Museum Kiosk: Museums love interactive kiosks. What better way to enhance and deepen a museum exhibit than with a large-screen, interactive touch kiosk that can display a wealth of information to the visitor? From hi-resolution photos to HD videos, these kiosks can be any size but usually tend to be larger, 32” and up, to present the user with greater impact.
TASK SPECIFIC and SELF-SERVE KIOSKS
Touch kiosks can perform a wide range of tasks for users including registering users for events, self check-in, accepting payments and donations, point of care, access control, and more.
Some common task specific and self-serve kiosk applications include:
Hotel check-in, flight check-in, community event check-in, healhcare check-in, and child-check-in are among dozens of kiosk check-in applications in common use. These kiosks typically have peripherals like a label printer, barcode scanner, and card reader for check-in verification and validation, but could also just be a touch screen with no additional peripherals.
Many companies require visitors to log in when they arrive, confirm their appointments, and to wear visitor badges while in the building. A kiosk can perform all of these tasks for the user including taking a picture of the user and even creating the visitor badge. A webcam, barcode scanner, card reader, and specialized printer can all be used by the kiosk for this application.
Access Control Kiosks
Access control and security kiosks are used to verify a user’s identity, and then allow access to a building, room, or other secure area. Gate control kiosks are outdoor kiosks that control gate access. These kiosks may have peripherals that include biometric scanning, such as fingerprint or palm, barcode and magnetic card readers, and cameras.
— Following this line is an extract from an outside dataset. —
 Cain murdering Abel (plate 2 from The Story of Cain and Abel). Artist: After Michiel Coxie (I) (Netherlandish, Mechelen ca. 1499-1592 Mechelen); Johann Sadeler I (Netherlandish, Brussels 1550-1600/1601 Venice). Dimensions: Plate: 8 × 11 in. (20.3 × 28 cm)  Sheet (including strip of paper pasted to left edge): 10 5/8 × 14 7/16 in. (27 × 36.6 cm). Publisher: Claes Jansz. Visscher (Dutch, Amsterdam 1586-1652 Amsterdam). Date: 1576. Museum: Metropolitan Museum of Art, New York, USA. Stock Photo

Accepting payments is a natural self-service application for kiosks. If a website can accept a payment, so can a remote kiosk. Usually a credit card reader is used for most applications, but a bill acceptor can also be used and even more exotic peripherals such as check readers and bill recyclers can also be used in the high-end machines. Bill payment kiosks with these kinds of peripherals need to have specific software developed exclusively for their use.
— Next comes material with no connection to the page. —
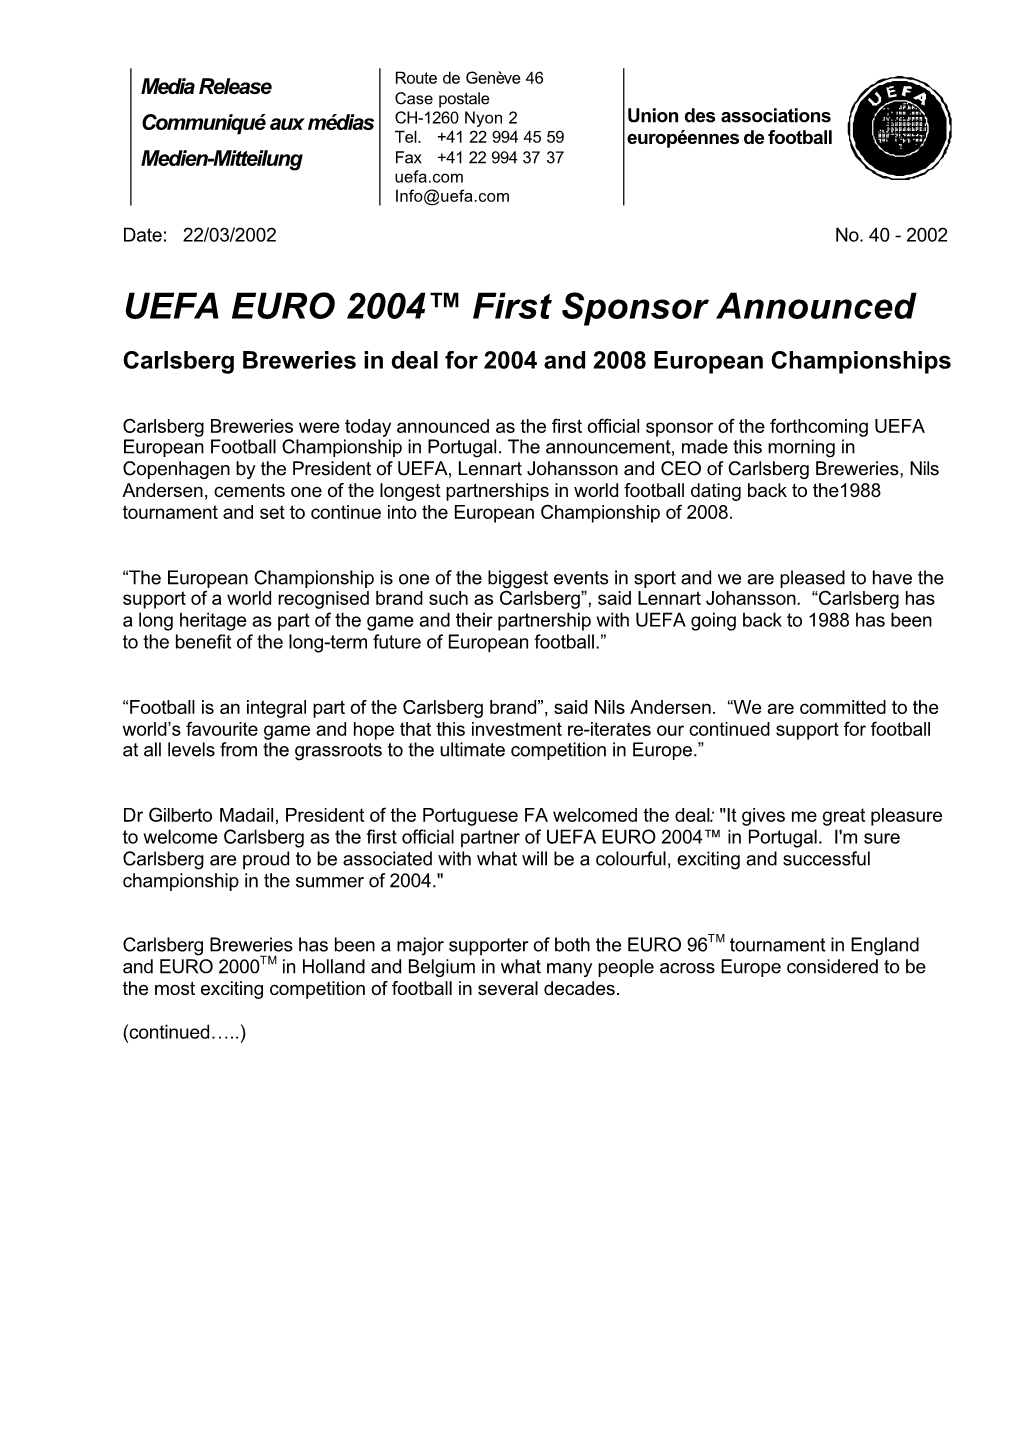 UEFA EURO 2004™ First Sponsor Announced Carlsberg Breweries in Deal for 2004 and 2008 European Championships

Donation kiosks are another form of payment kiosk. Typically a donation kiosk is simpler, and most commonly may only use a card reader to accept the donation.
Point of Care Kiosks
Used in hospitals and assisted living facilities and retirement homes, point of care kiosks, or POC, are typically mounted on walls in hallways to document patient ADLs (Activities of Daily Living) and pertinent care for Medicare billing and to retain accreditation and rating.